Dictionary of Old Occitan medico-botanical terminology

Project description

The DiTMAO project is funded by the DFG (Deutsche Forschungsgemeinschaft) and aims at constructing an ontology-based information system for Old Occitan medico-botanical terminology. It is a joint project of Georg-August-Universität, Universität zu Köln and Istituto di linguistica computazionale "Antonio Zampolli" C.N.R.

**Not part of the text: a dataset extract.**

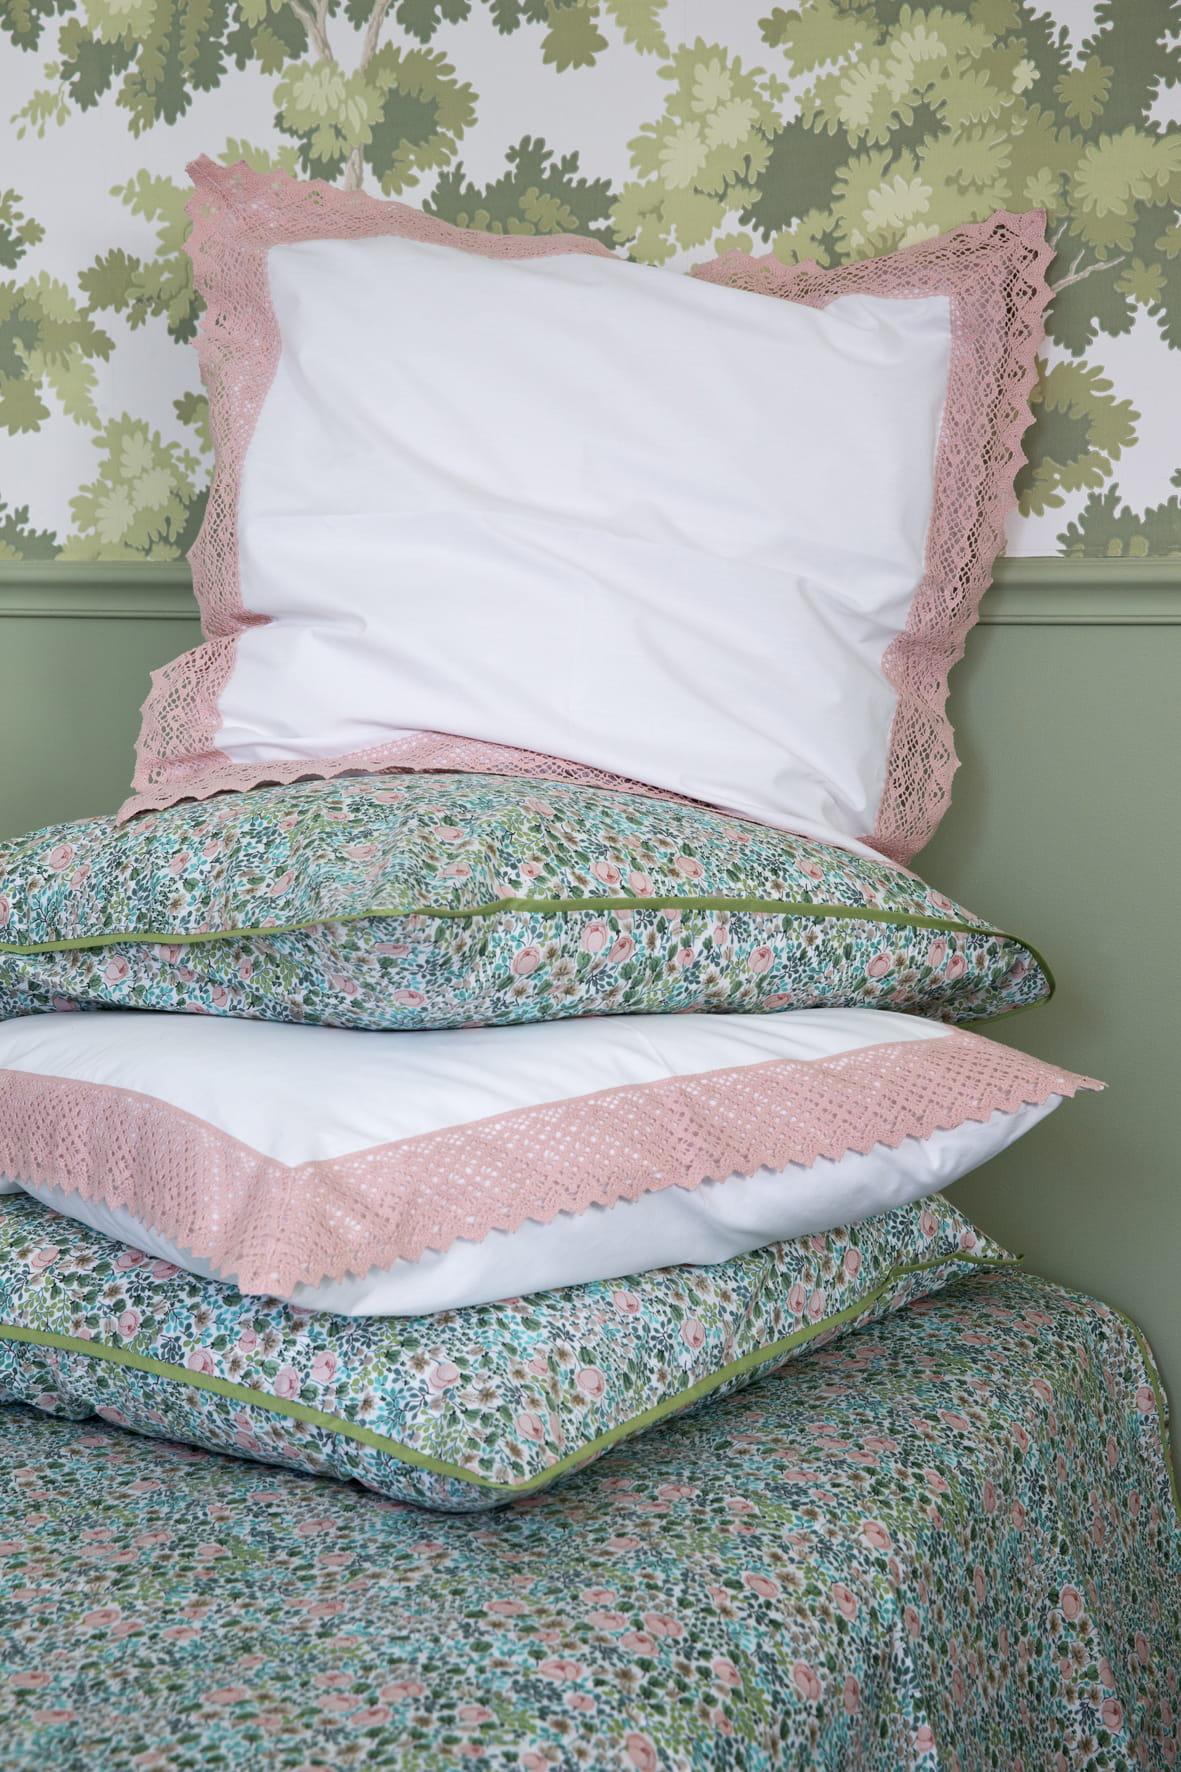 linge de lit may wedding de bouchara linge de lit a sent le printemps. Black Bedroom Furniture Sets. Home Design Ideas
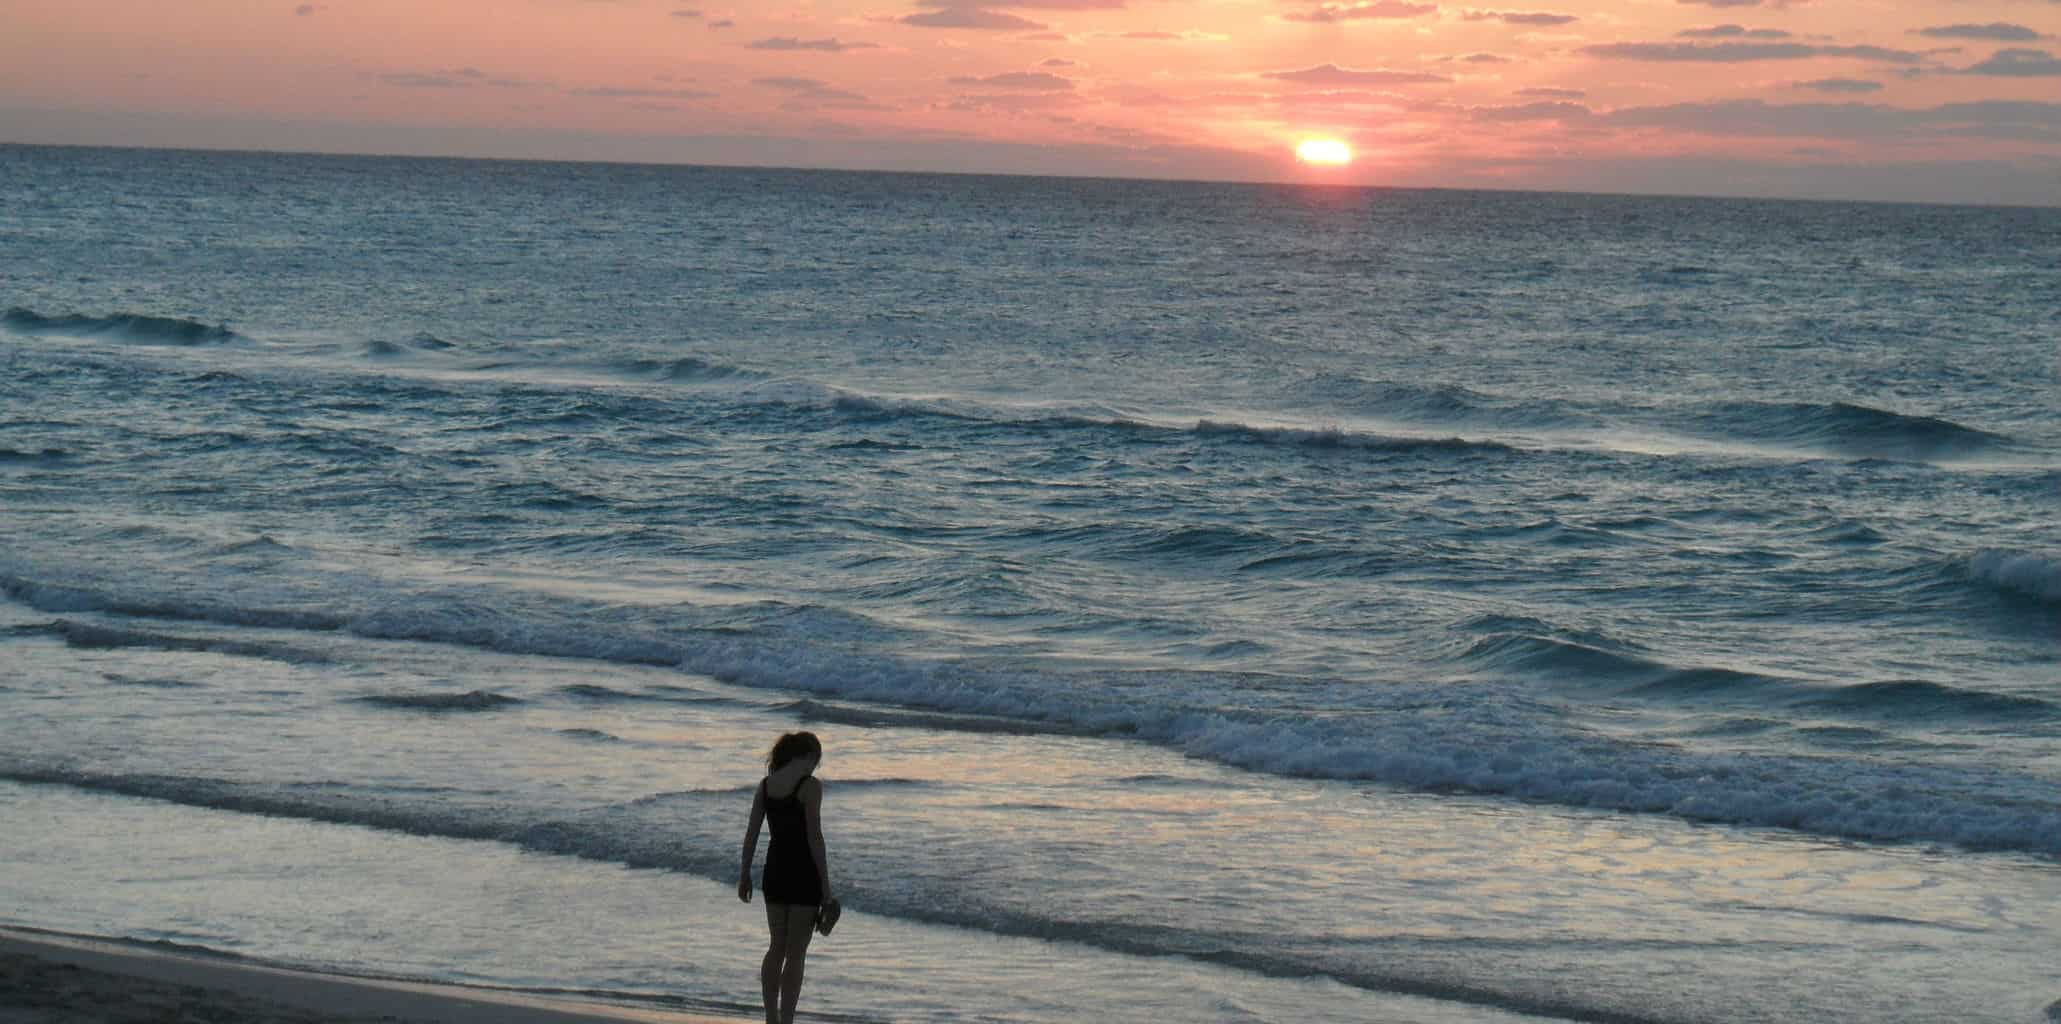 zzc Last sunset in Cuba

Old Occitan is the medieval stage of Occitan, the autochthonous Romance language spoken in Southern France, today regional minority language with several dialects. During the Middle Ages, the region and its language played a significant role in medical science due to the medical schools of Toulouse and Montpellier and the strong presence of Jewish physicians and scholars. For this reason, Old Occitan medico-botanical terminology is documented both in Latin and in Hebrew characters. The DiTMAO project aims at making this terminology accessible to several scientific communities, such as those of Romance and Semitic studies, as well as that of the history of medicine.

The corpus of DiTMAO

The textual basis of the lexicon consists of already edited medico-botanical texts in Latin and in Hebrew script and of manuscripts transcribed and edited over the course of the project. (a detailed list is available at /link/). Among the sources in Hebrew script, the most prominent text type are so-called synonym lists, which contain a large amount of Old Occitan medical and botanical terms in Hebrew characters with equivalents or explanations in other languages (also spelled in Hebrew characters), mostly in (Judaeo-)Arabic, but also in Hebrew, Latin, or other Romance languages and sometimes in Greek, Aramaic or Persian. These lists can be described as ancient multilingual dictionaries, which are of particular importance for Old Occitan lexicography for two main reasons:

  1. the synonym lists of the Jewish tradition include vernacular (Old Occitan) terms already from the 13th century on, hence these lists contain very early testimonies of Old Occitan technical terms.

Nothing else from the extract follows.